The present invention relates to a load introducing element for a control surface of an aircraft or a spacecraft, as well as to a method for manufacturing the same, and to an aircraft including the same.
Larger control surfaces of commercial passenger airplanes often include ribs, which are mounted on at least one spar and are enveloped by an outer skin. Control surfaces with a relatively complex movement pattern (which, for example, goes well beyond a simple flapping) require a special mounting and special drive elements. Thus, for example, in order to increase the lift coefficient in certain flight phases Fowler flaps move in both a translatory and rotational manner and, correspondingly, are mounted in a moveable manner (for example, on pendulum supports, roller carriages or the like) and deflected by a pivotably mounted actuator.
Therefore, a control surface design which is adapted to the above features includes at least one rib that serves as the interface between loads that occur on the control surface and the structure of the craft. Furthermore, this rib can be used to mount the control surface. Currently such “load introducing ribs” are manufactured as a metal part to be milled—even in the case of a total CRP [carbon fiber reinforced plastic] construction of the control surface itself—and are mechanically connected to the control surface (for example, by interlocking connecting elements).
The production of such a metal load introducing rib is very expensive because it involves mechanical machining of a solid workpiece and, thus, results in high costs.
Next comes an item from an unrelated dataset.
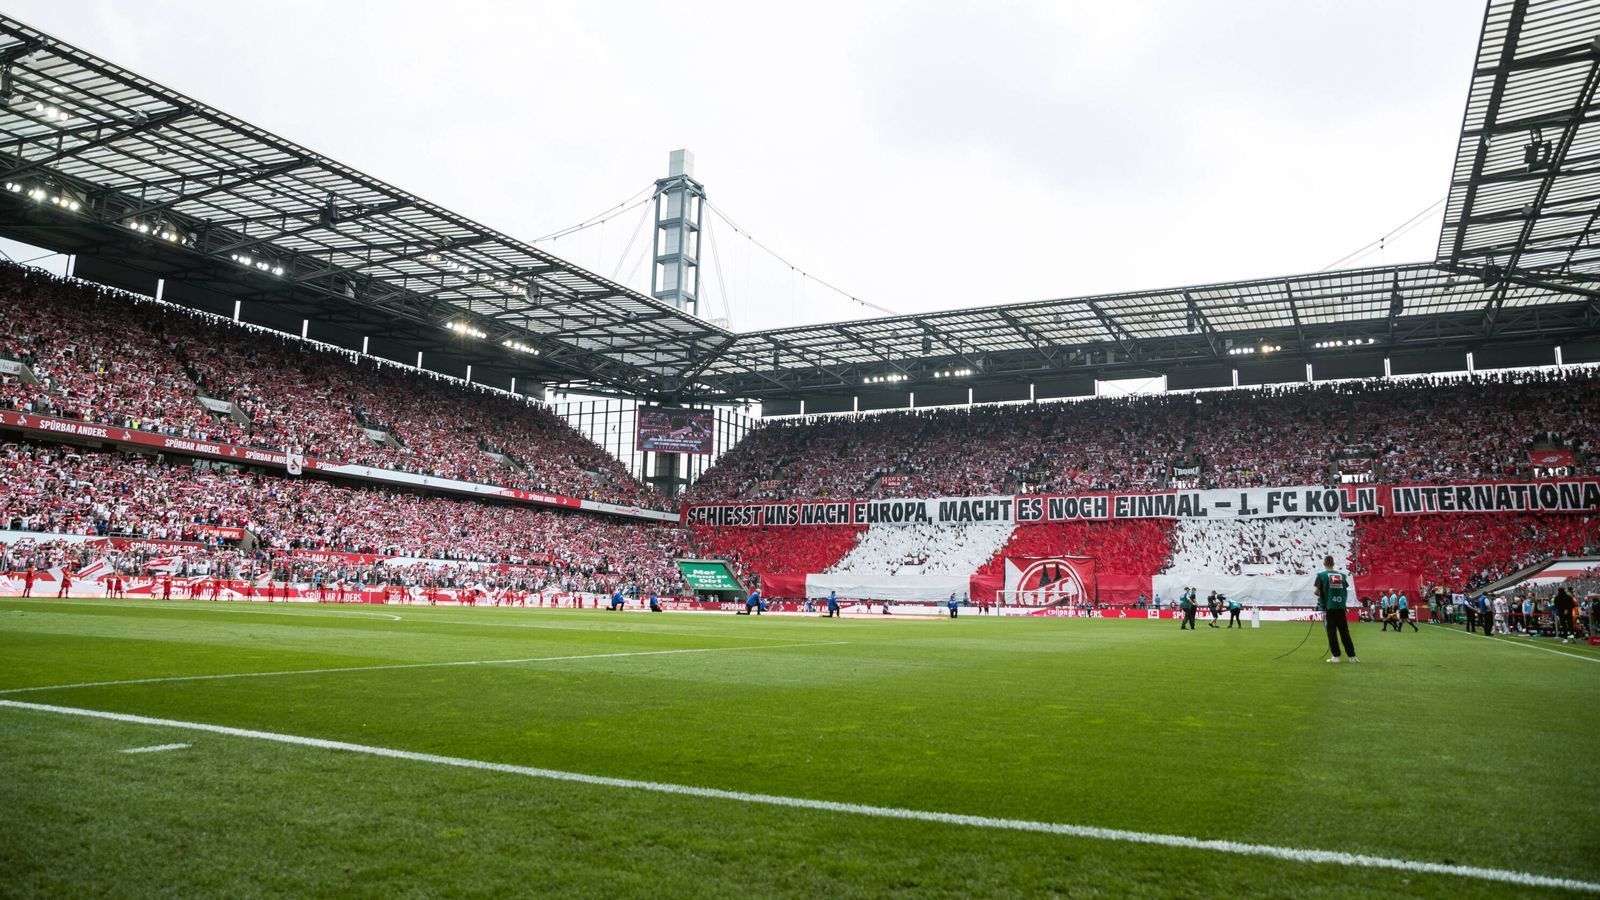 
                <strong>"1. FC Köln international" </strong><br>
                "Schießt uns nach Europa, macht es noch einmal - 1. FC Köln international", stand auf dem riesigen Banner der FC-Fans. 

Furthermore, there is the drawback that in the case of control surfaces that are made of fiber reinforced composite materials, a metal load introducing rib has a different heat expansion behavior than the control surface, attached to it. The result may be mechanical stresses that can be compensated only by means of suitably designed structures or by flexible mountings. Consequently such metal load introducing ribs are extremely disadvantageous in modern commercial passenger airplanes with control surfaces that are made of fiber reinforced composite materials.